The discussion and the following award ceremony will be live streamed.

Although the framework of ‘Europe’ was developed by political institutions in Brussels and Strasbourg, “the media are responsible for creating and defining Europe and anchoring it in our minds, hearts and souls.“ (Stephan Russ-Mohl, 2003). Despite some high-quality attempts and examples such as Eurozine, Eurotopic, European Voice, Euronews and joint ventures such as Le Monde diplomatique and the weekly English language supplement of the Frankfurter Allgemeine Zeitung in the International Herald Tribune, which mainly reaches an educated, cosmopolitan readership, there is still no Europe-wide mass medium that informs Europeans on the same subjects at the same time.

The well-known (mass)media too, largely fails in its function to inform citizens and direct debate on Europe. This is fatal, because, as the Guardian and others have written, politicians from all parties find it easier to "parrot the views of a few less conservative newspapers or repeat them in diluted form. Most owners of these newspapers pay no taxes in the countries they’re published in and regard "Europe" as synonymous with regulations that threaten their interests as owners and wealthy businessmen. Many citizens have become instinctively more careful and pragmatic, not just because they don’t trust the press, but because they get very few leads from politicians.“ (“Europe’s lost voices”, January 10, 2013).

European issues are still only covered if national interests are concerned, true to the motto “act global, talk local”. At the same time, large-scale media corporations such as Axel Springer AG, Bertelsmann, Bauer, the Funke Media Group (former WAZ Media Group), Lagardère Media, News Corp and Mediaset are building European media empires.

Columns, essays and reports all claim there is no longer any question of a united Europe and that the European dream has long since collapsed. Politics has failed, they say, but what has the media’s part been in all this? The debate will clear which role the media have played in creating the current aggressive mood between individual countries. Do they just observe and report on developments, or do they also influence them? How differently do the media from various countries report the same facts? What are the reasons and consequences of these different ways of representing facts and issues? Is it even possible to create a homogeneous European public, or is a united European media a chimera, a fantasy? Given the lack of a single uniting ‘lingua franca’ in Europe, is a European ‘communication sphere’ even possible? If so, how? How can and should the media fulfil its controlling and communication function as the “fourth estate” within the framework of European political decision-making processes? Do the media really show the real pictures? Or do they only looking for scandals?
And finally, will the European integration process affect press freedom? According to the study “
High Level Group on Media Freedom and Pluralism”, published in January 2013, a free and pluralistic media landscape is crucial for European democracy.   

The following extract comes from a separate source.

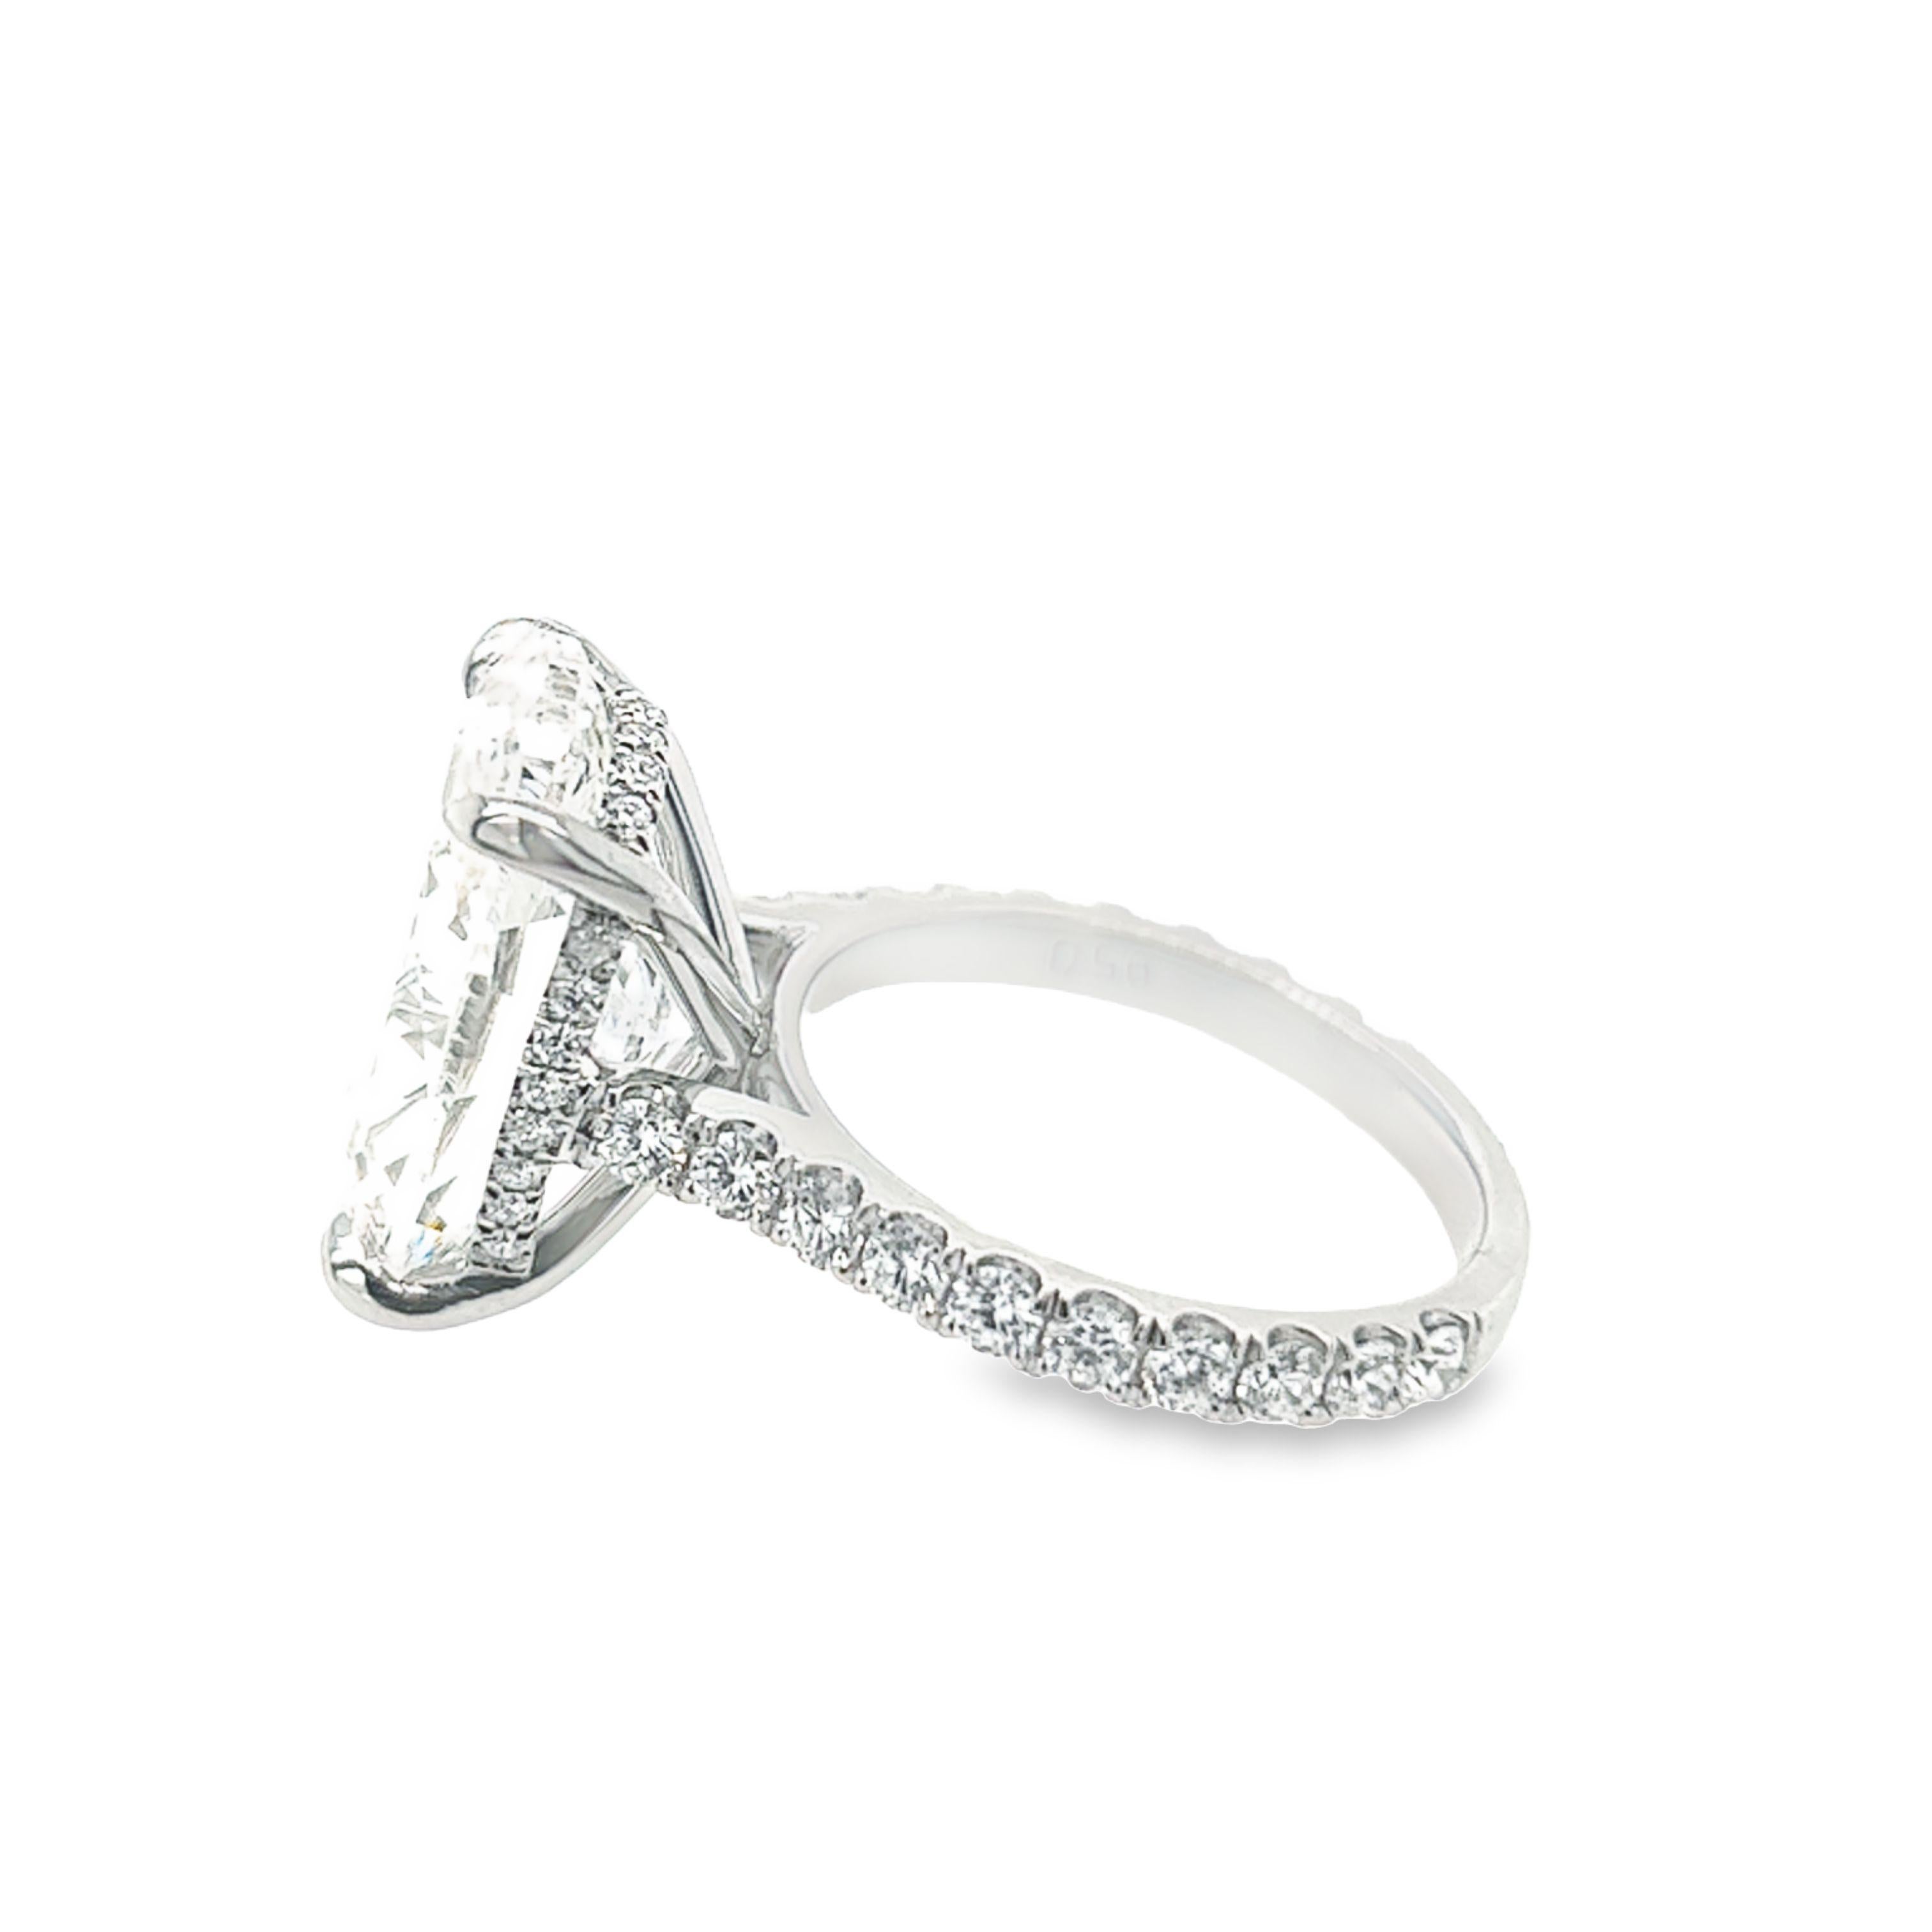 10ct oval diamond ring

But there are currently a number of challenges which can potentially restrict journalistic freedom or reduce pluralism, whether through political influence, undue commercial pressures, the changing media landscape with new business models, or the rise of the new media. The HLG acknowledges that the main responsibility for maintaining media freedom and pluralism lies with the Member States. However, the European Union also has an important role to play in upholding the fundamental rights of EU citizens.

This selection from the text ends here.